The Netherlands shows the fastest response time for mobile apps, followed by the United Kingdom, France and Taiwan, according to PacketZoom's Q2 Mobile Observatory and Benchmarks Report.

The United States was ranked 13th among leading countries, with an average response time of 458 milliseconds, only slightly better than the global average of 438 milliseconds.

Response Times for Mobile Apps

PacketZoom measured the weighted average response time for content to travel round-trip across all network types, as experienced by mobile end users over cellular and WiFi networks.

■ The average response time worldwide was 438 milliseconds.

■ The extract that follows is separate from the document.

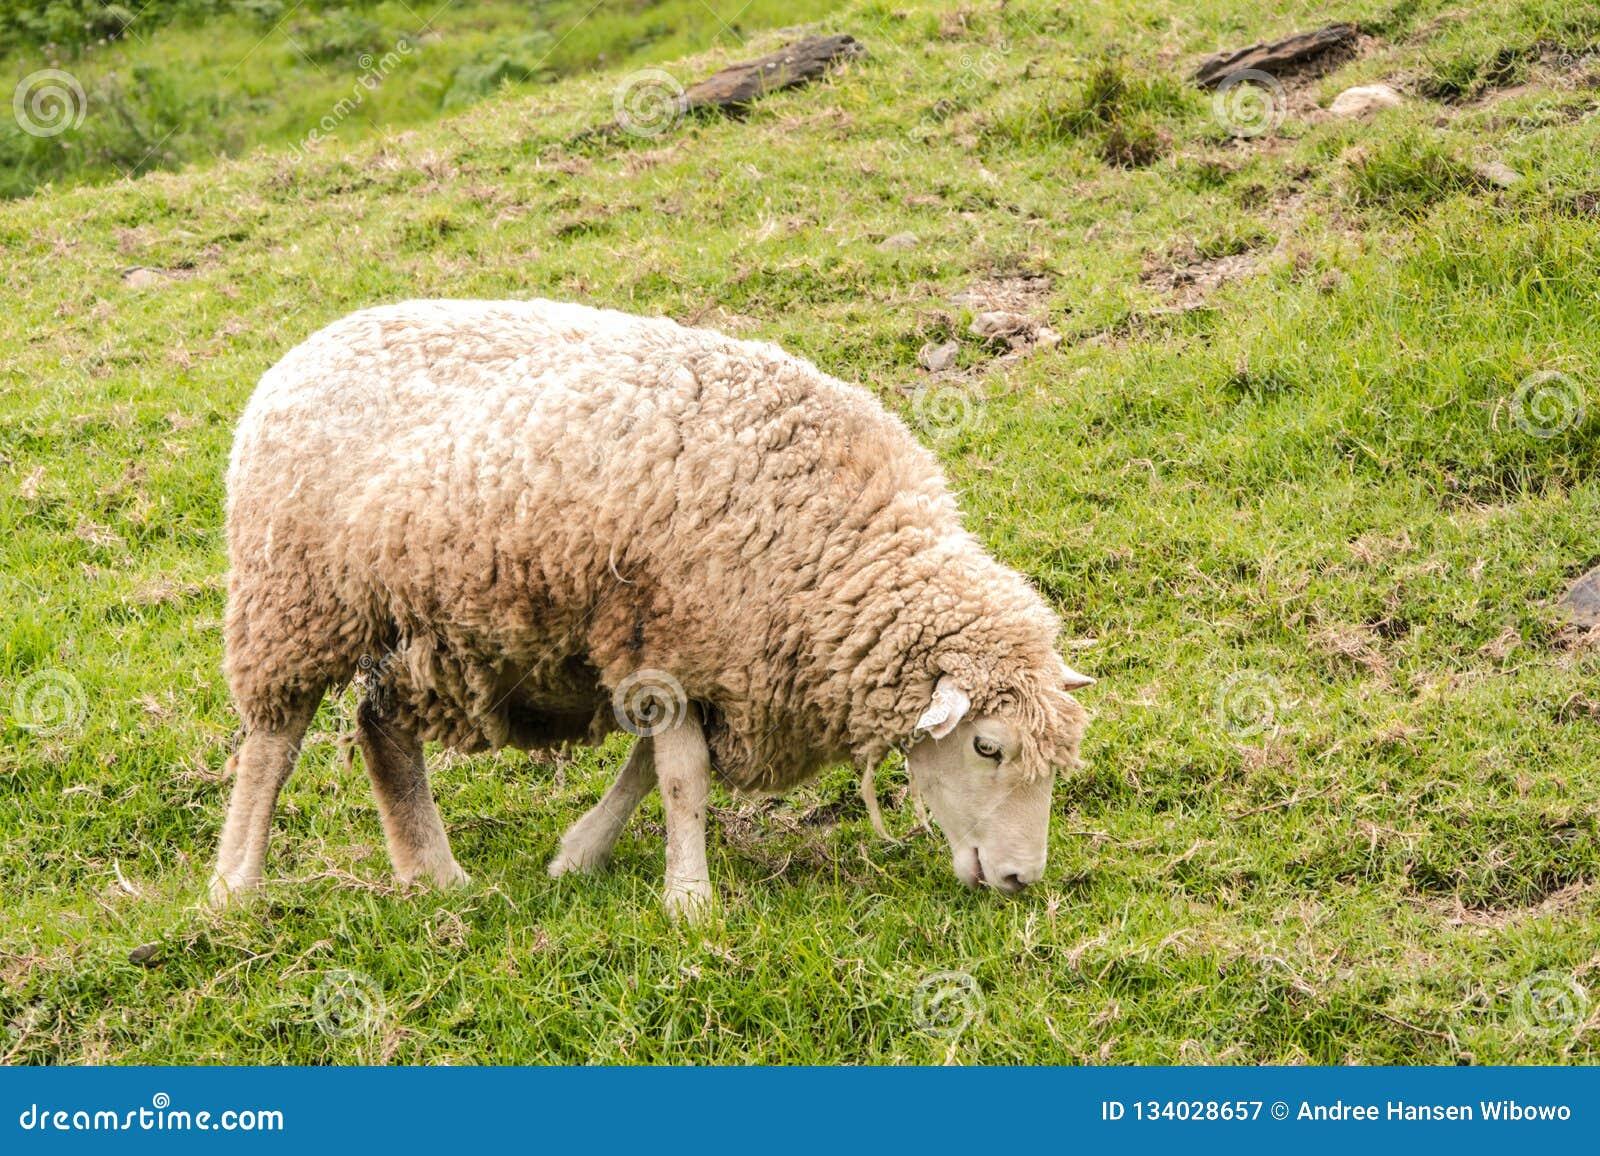 Dirty Sheep Grazing on a Grassy Hillside
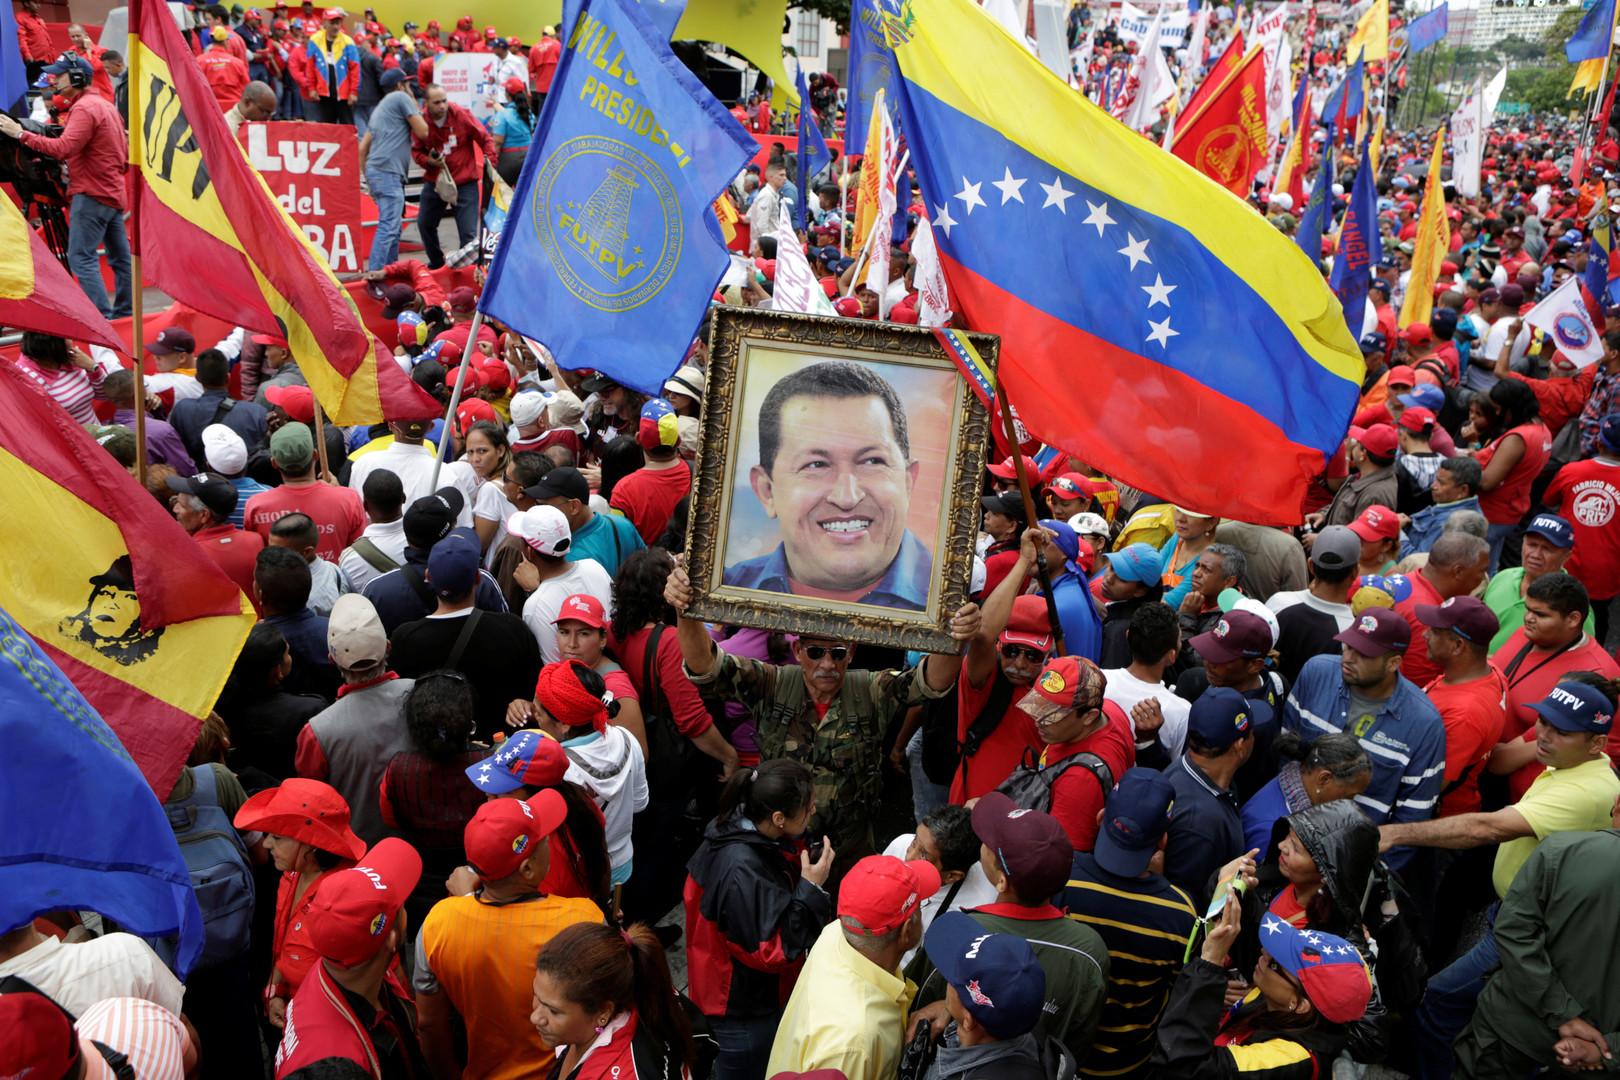 Anhänger des verstorbenen Präsidenten Hugo Chavez in Caracas, Venezuela.

■ The Netherlands (206 milliseconds), UK (231 milliseconds) and France (293 milliseconds) had the fastest app response times of all countries studied.

■ The US was in the middle of the pack for response time -- at 458 milliseconds, it fell slightly below global benchmarks.

■ Argentina, India and Indonesia were among the slowest countries in the industrialized world, showing response times of 812, 806 and 663 milliseconds, respectively.

Disconnection Rates for Mobile Apps

Disconnections – when a network session is dropped by the network or carrier – are highly disruptive to the end user experience. Disconnections may be caused by many factors, such as driving through a tunnel, moving to a different network type, and other types of network discontinuities.

■ The average percentage of mobile app sessions that are impacted by network disconnections worldwide is 7.9 percent.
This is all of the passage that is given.